Seasonal and solar wind control of the reconnection line location at the Earth’s dayside magnetopause

Friday, 14 July 2017: 09:15
Furong Room (Cynn Hotel)
Yasuto Hoshi1, Hiroshi Hasegawa2, Naritoshi Kitamura3 and Yoshifumi Saito3, (1)University of Tokyo, Bunkyo-ku, Japan, (2)JAXA Japan Aerospace Exploration Agency, Institute of Space and Astronautical Science, Sagamihara, Japan, (3)ISAS Institute of Space and Astronautical Science, Kanagawa, Japan
Abstract:
Magnetic reconnection at the dayside magnetopause is the most important process by which solar wind energy enters the magnetosphere. Under southward and/or predominantly dawn-dusk IMF conditions, magnetic reconnection takes place along an extended reconnection line at low latitudes, called the X-line. In recent years, some models and observations showed that finite dipole tilt or IMF Bcontrols the X-line location by moving it northward or southward from the subsolar point. Although the X-line location is an important parameter in solar wind energy transport, its dependence on dipole tilt and IMF Bis not yet made clear based on statistical observational studies. We statistically estimated the X-line location by investigating the occurrence pattern of reconnection jets observed at the dayside magnetopause. Used here are plasma and magnetic field data taken in the dayside magnetopause region within the magnetic local time range of 10 to 14 hours from 10 years of observations by the THEMIS spacecraft. Among full magnetopause crossing events, flows with a speed tangential to the magnetopause exceeding 150 km/s, which is of the order of the Alfvén speed in the magnetosheath, are chosen as candidates of the reconnection jets. The Walén relation is used to test whether the flow was generated by reconnection, and a total of 715 jets were identified. We estimated the X-lne location by the direction and position of the identified jets. The average X-line location was estimated by determining a linear discriminant function that minimizes the occurrence probability of the southward jets on the northern side of the estimated X-line or the northward jets on the southern side.
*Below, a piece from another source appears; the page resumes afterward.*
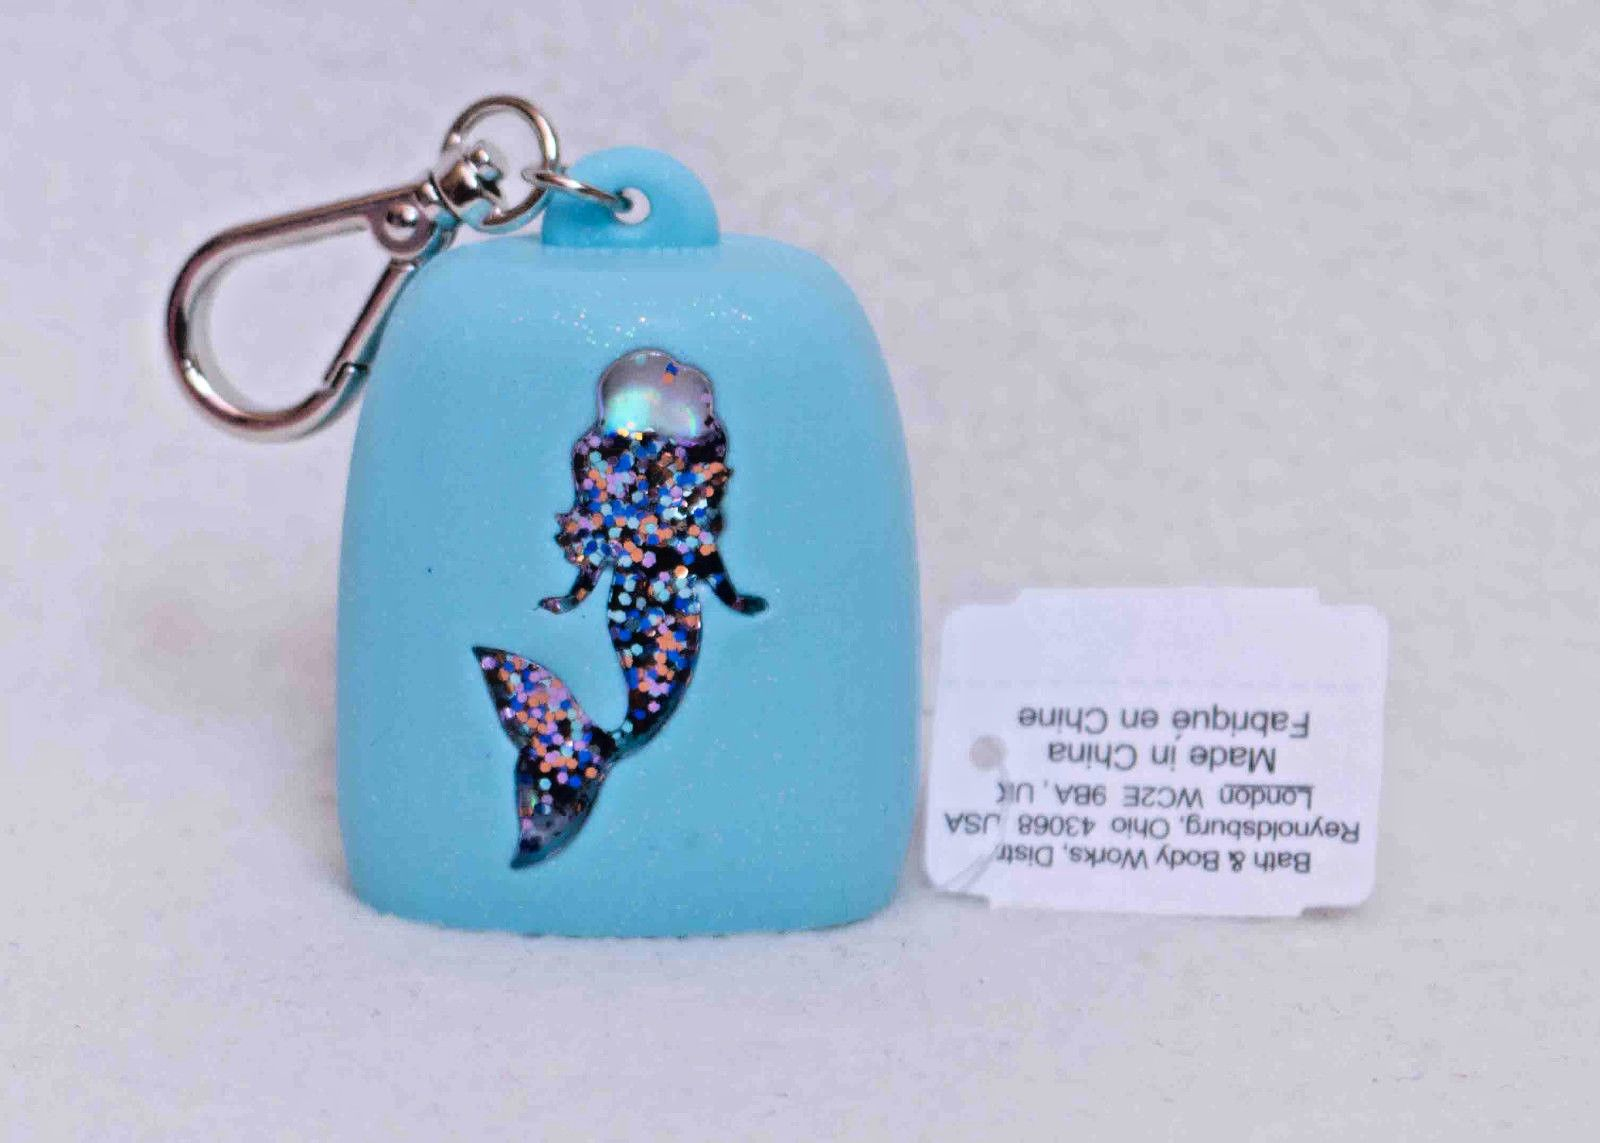 Mermaid Tail Pocketbac Holder Bath Body Works Up Your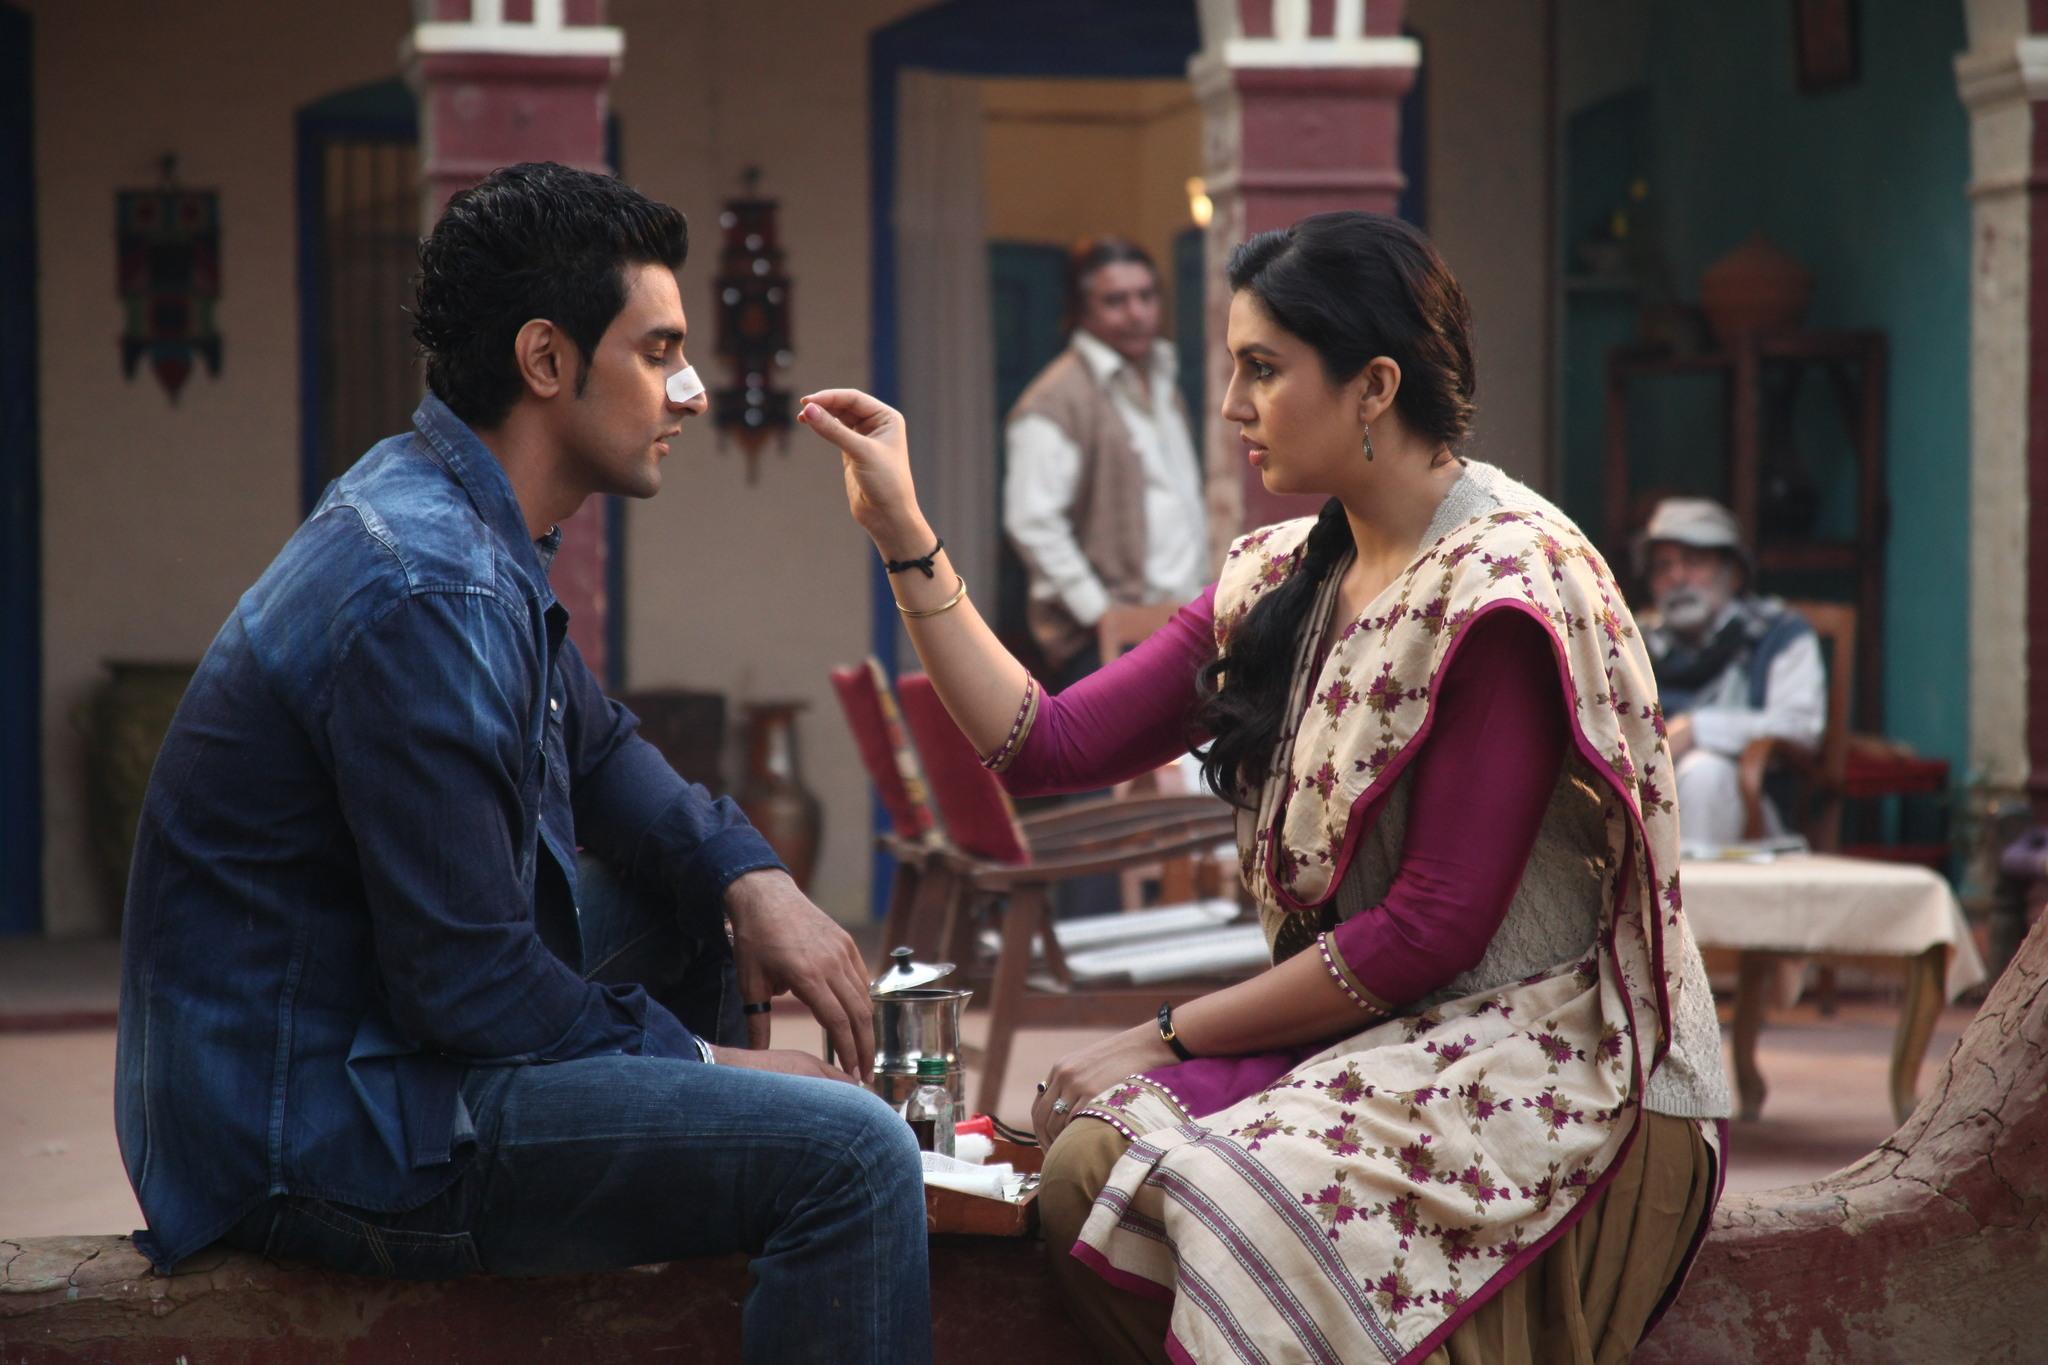 Kunal Kapoor and Huma Qureshi in Luv Shuv Tey Chicken Khurana (2012)

It was found that the X-line location shifts about 6 Earth radii from the subsolar point toward the winter hemisphere under the largest dipole tilt. This is also the first study that reveals that the X-line location shifts about 2.5 Earth radii from the subsolar point when the IMF BX component is large. The results demonstrate that the effect of dipole tilt on the X-line position is larger than that of the IMF BX component. To summarize, the dipole tilt dependence of the X-line location suggests that efficiency of energy transport into the magnetosphere by dayside magnetic reconnection during southward IMF may decrease when the dipole tilt is large.